De stilte geeft haar antwoord.

Bijna-verjaardag

Met zorg worden er zes kaartjes geknipt. Zo zaten we daar rond de tafel met z’n allen. Een doos stiften in het midden. Kleine handjes en grote handen begonnen te tekenen en te schrijven. Lange zinnen, korte woorden, sterretjes, kroontjes. Ik zie de oudste kinderen lange brieven schrijven op dat kleine kaartje. Want Jules* is jarig. Jules* wordt 1 jaar. (Eigenlijk pas dinsdag maar dan zijn alle kinderen bij hun respectievelijke papa en mama en we wilden met de kinderen ook Jules* herdenken.)

Ik zie mezelf met grote zorgvuldigheid, al teken ik op zijn kleine kleine lijfje, de letters “Happy birthday Jules” vormen. Een paar ballonnen erbij ook. Dikke tranen vallen op het tafelblad terwijl de kinderen al hun kaartje aan vastknopen zijn aan hun witte ballonnen. Ook zes. Ik kan maar niet stoppen met tekenen. Ik ga nog maar eens over de ballonnen en de eerste letters. Ik teken wel 40 sterretjes, gedachteloos, ook op de achterkant van het kaartje. Mijn gedachten dwalen af naar het moment dat we zijn kistje moesten sluiten. Ook een moment dat ik voor altijd had willen laten duren. Om hem langer bij mij te houden.

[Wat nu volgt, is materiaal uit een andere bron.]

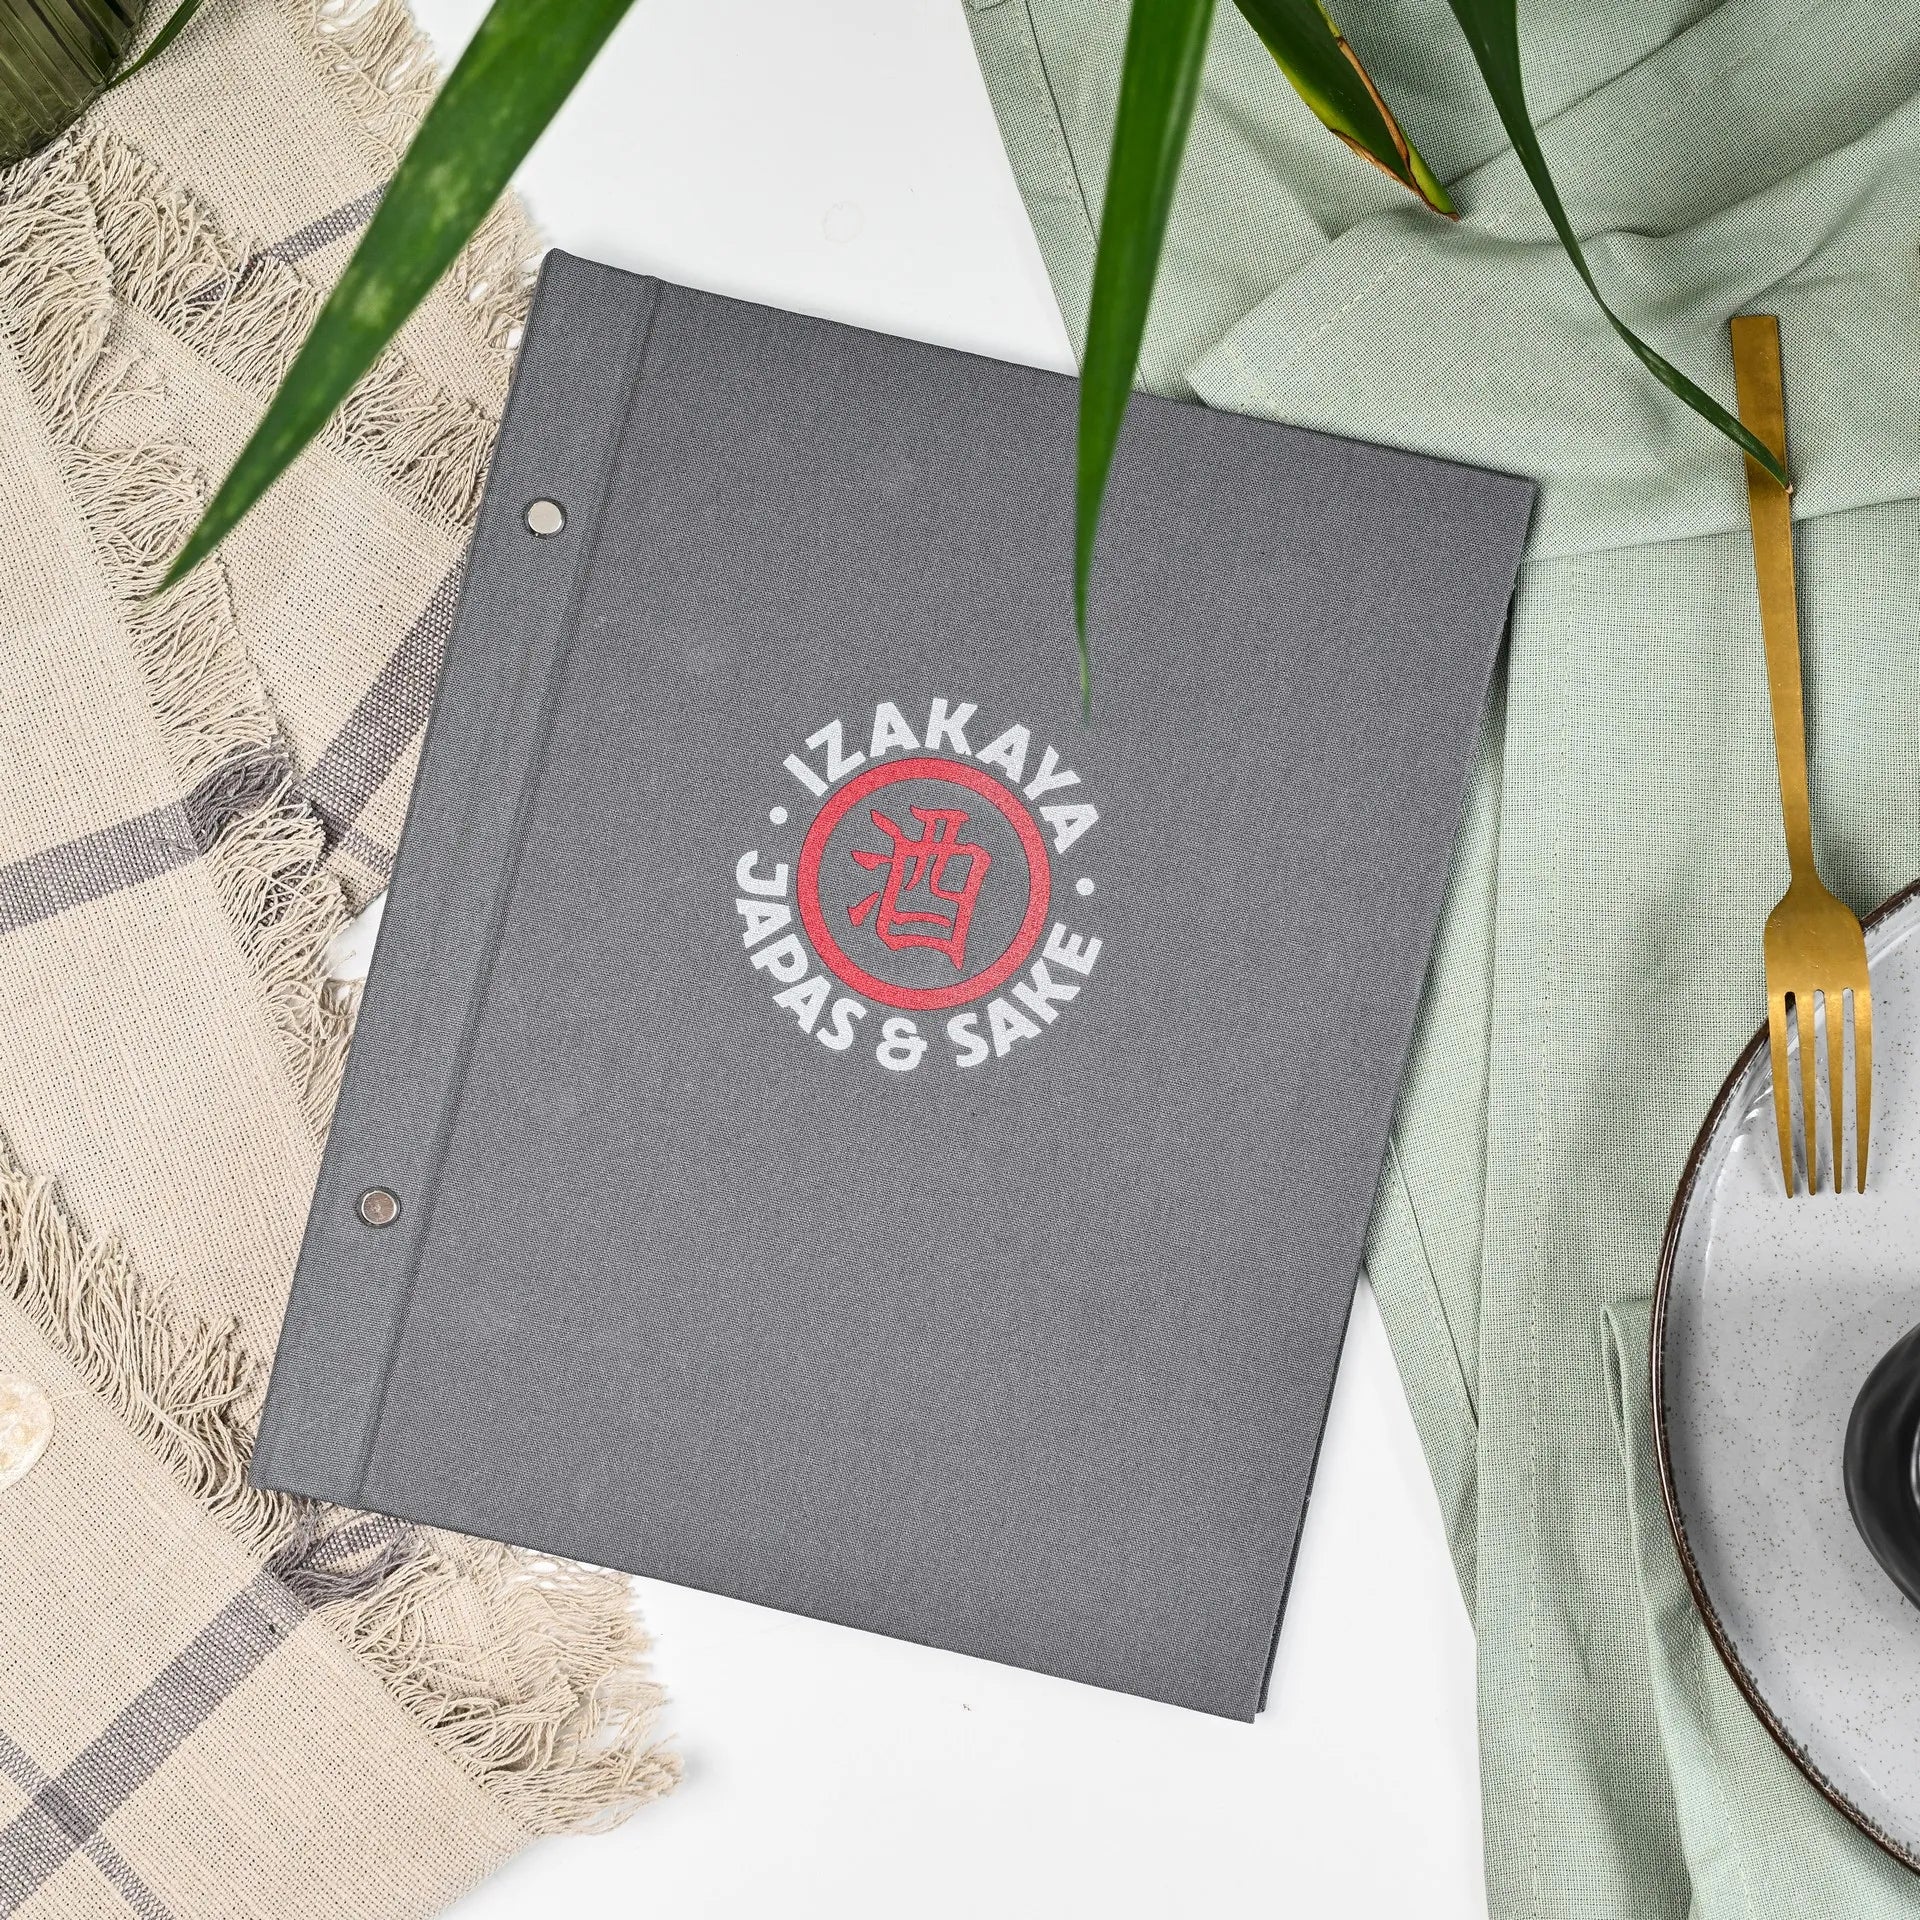 Custom fabric menu folder with logo, ideal for restaurants. Durable cover and changeable sheets make updating your drink menu easy and stylish.

We hopen dat je het goed stelt. We missen je…elke dag. Xxx ❤

Onderweg naar mijn ballon moet ik huilen. Je pakt mij stevig vast, het touwtje van de ballon in mijn ene hand, het kaartje in mijn andere. Ik voel mij gewiegd en gedragen. De pijn overvalt mij. Weer die pijn in mijn borstkas. Echt weggaan doet ze nooit, besef ik maar eens te meer. Ik bind mijn kaartje vast en we stappen de tuin in. De wolken huilen mee.

20131104-002625.jpg

Loutering

Het jaar laat zijn laatste dagen vallen. Zoals een boom dat doet: stil en met vertraging laat hij de laatste bladeren wiegend naar beneden vallen. Nu vorig jaar lag ik met krampen in bed, niet wetend wat mij te wachten stond. Welke nachtmerrie op mij af zou komen. Hoe vreselijk zwart het nog zou worden, mijn hart.

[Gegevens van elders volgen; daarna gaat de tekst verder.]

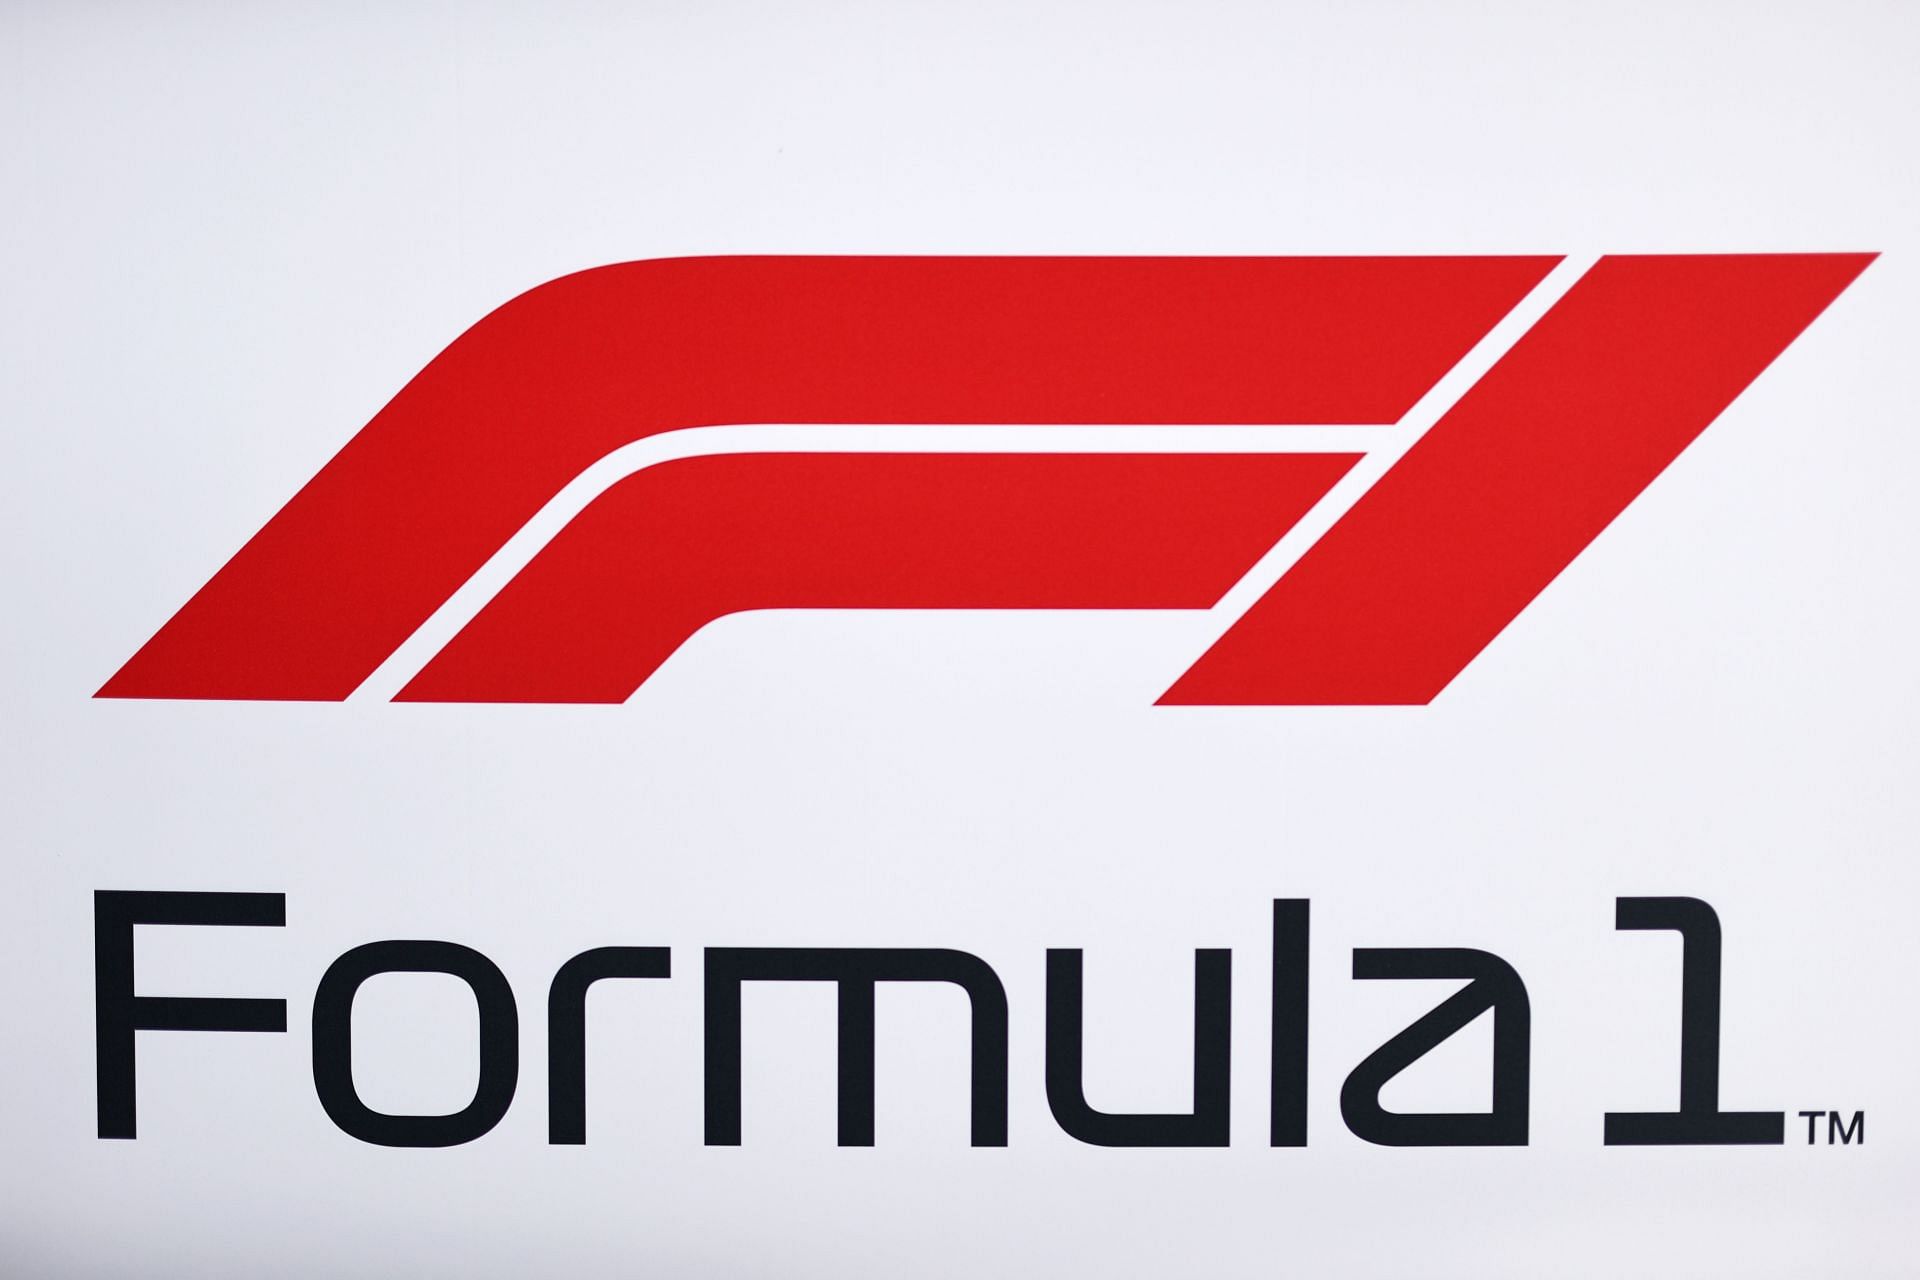 The Formula 1 logo in the Paddock in Austin, Texas. (Photo by Chris Graythen/Getty Images)

In retrospectieve weet ik waarlijk niet hoe ik dat jaar ben doorgekomen. Ik zeg soms wel tegen mensen:”Adem per adem.” Maar zelfs dat klopt niet. Ook ademen viel mij moeilijk met momenten. Ja, soms heb ik gewenst dat ik dood neerviel. Niet omdat ik dood wou -hoewel de gedachte om dan bij hem* te zijn, lonkte als een kauwgomballenboom- maar wel om van de excruciating pijn af te zijn. Nee, ik weet werkelijk niet hoe ik door die dagen geraakt ben. Hoe een mens zo één brok verdriet en fysieke pijn kan zijn, ik achtte het niet voor mogelijk.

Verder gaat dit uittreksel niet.